# Joslins



## JDenz (Nov 14, 2003)

I was at the Joslins grappling tournament last weekend and it was an awsome time.  I seen some people that I havent seen in a long time, Randy and his buddy.  I got to see Kyle and talk with him a little bit and I got to hang with the guys that we work out with.  First off Kyle looked awsome every match of his he looked to be in total control.  Did you do the no gi Kyle or did you have to go?  I competed in the gi and no gi intermedate divisions.  I took third in the gi there were I think 25 people in the division.  I felt proud.  I beat three blue belts but lost to a white belt lol.   That white belt had the best submissions of everone in the division though.  I thought I just had a bad match agianst him but he made everyone look bad.  I don't think I could have beat him if I had a great match he was slick.  I think that wrestling is a big help in this tournament.   I was in so much better shape then everyone that I was winning all the matches at the end when the other guy got tired.  I did mess up a guys arm though.  I had him in a stright americana and I heard pop pop pop and he didn't tap just stopped moving, So I let it go and went to the bent Americana it popped everytime I moved it so I just gave up and held on for the win by points.  That was the toughest guy I ever went agianst.  I won the no gi.  It was awsome in the finals a guy lept guard and went to a gullitine.  I held him up for like two minutes set him down and got the takedown.  I passed his guard off his umo attempt and won the belt.  I think it was so late in the day alot of people just left.  Primo took fourth but he was real sick and he still had two nice arm bars.  Thomas stepped up and went intermediate but he was about 30 pounds lighter then the next lightest guy so he only got fourth but he looked good.  Over all the tournament was awsome and Carlos Newton was there, and reffing so it was sweet.  He winked at me during one match it was awsome.  Oh well I have to go back to work but the tournament was run awsome they are almost to big for that school though lol.


----------



## JDenz (Nov 14, 2003)

Hey I forgot it was so funny because Carlos must have just looked at a score sheet for the gi beause he called the points wrong.  He was so funny and down to earth to.  SO far every fighter I have ever meet has been awsome and a good experiance.


----------



## ace (Nov 23, 2003)

Jeff Looked Awsome in The no Gi.

I was Sick & did My Best & came out in 4th.

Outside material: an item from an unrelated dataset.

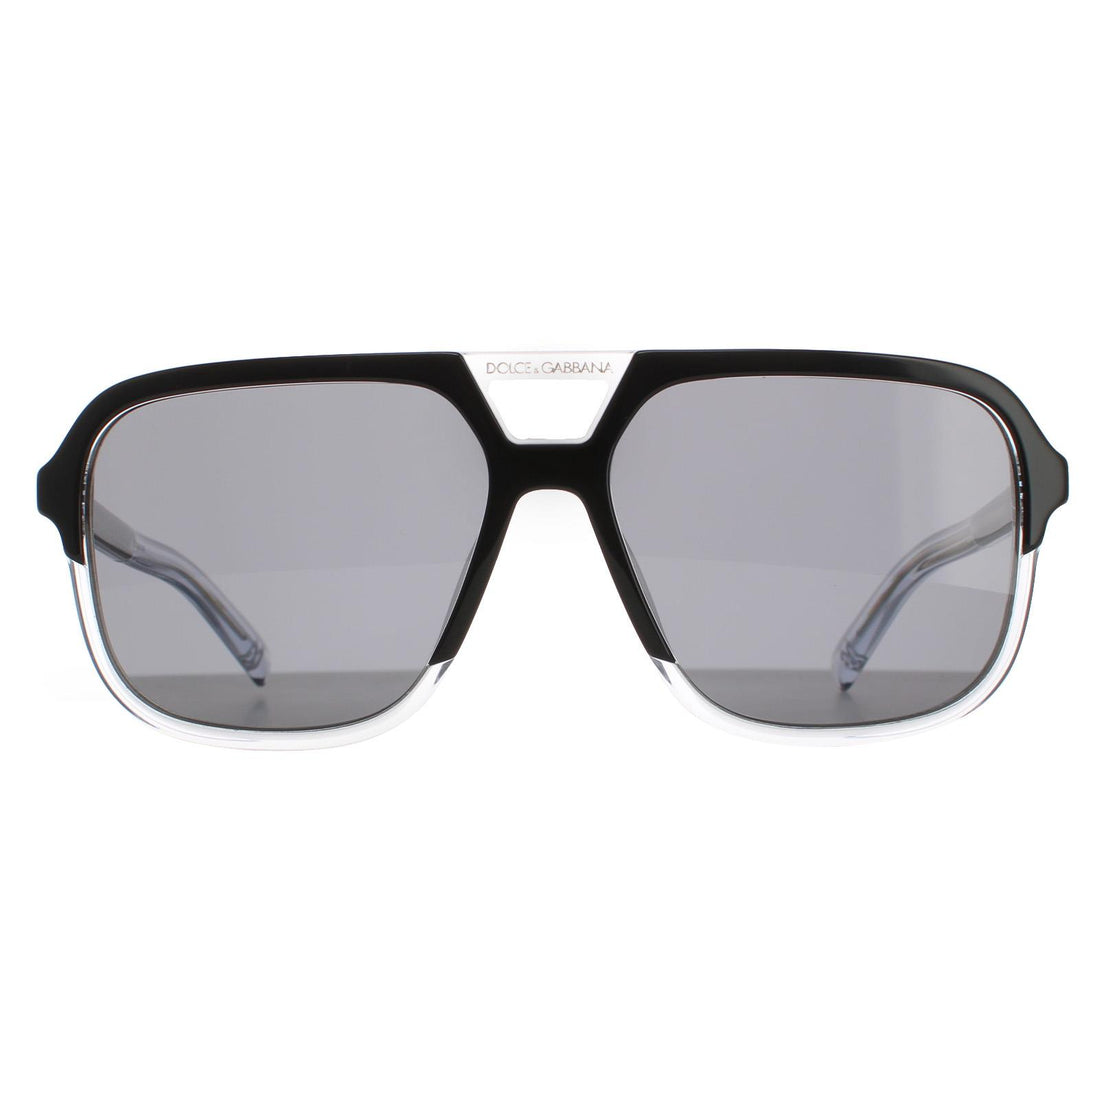 Dolce & Gabbana DG4354 Sunglasses Top Black on Crystal / Dark Grey Polarised

It was awsome to Meet Newton.
Jeff Was are star of The day  & I send a Special Shout
to Him in his Victory.

I missed Kyles Matches cause I was moving round Trying to Coach My Training Partners. 

I think this was the Best of the 3 Tournaments
I have Been 2 Even Tho I won a Belt in 2001. ( That Was My 1st Non USJJF Turnament).

But it has Grown so Big There was No room For The Fighters 
The Crowed was Every were.
They Need to Expaned The Turnament into a Bigger Gym.
Or Have 2 Day's 1 for Gi & 1 for No Gi.

Next Year  Will probably be even Bigger.

Again Cogradulations To Jeff & Kyle
On There Championships 


 :cheers: :cheers: :cheers:


----------



## JDenz (Nov 23, 2003)

thank you.   It was a good tournament with a solid turnout.  It was a little smaller then Naga and alot less crowded so I didn't think that was a big problem.  Espically if they put mats in that other gym like they were talking about doing.


----------



## chaosomega (Nov 24, 2003)

Good job boys! Keep up the good work. Can't wait until my first competition!


----------



## JDenz (Nov 24, 2003)

when u going to compete?


----------



## eric (Jan 17, 2004)

yeah, Kyle looked fabulous at Joslin's. I went up there and competed with him in the gi division- this was my first BJJ comp. Not a bad experience. I won the first match on points and lost the second on points - that's all she wrote. Some good competition there! Learned a lot there - have to make adjustments to my training and I'll be ready for another one coming up. Did any of you do the gi division and/ or the no-gi? The no- gi must have been late because we didn't get out of there all that early.


----------



## JDenz (Jan 17, 2004)

I did both


----------



## ace (Jan 17, 2004)

> _Originally posted by eric _
> *yeah, Kyle looked fabulous at Joslin's. I went up there and competed with him in the gi division- this was my first BJJ comp. Not a bad experience. I won the first match on points and lost the second on points - that's all she wrote. Some good competition there! Learned a lot there - have to make adjustments to my training and I'll be ready for another one coming up. Did any of you do the gi division and/ or the no-gi? The no- gi must have been late because we didn't get out of there all that early. *



I did just the no gi I had a 1st round by won My 2nd on points
& was verry close to a knee bar
Won my 2nd by Armlock
Lost the next won on points but again was verry close to a Submisson I was sick that day but it was still a great 
Day & awsome to meet Carlos.

Next Year i will try to do both :asian:


----------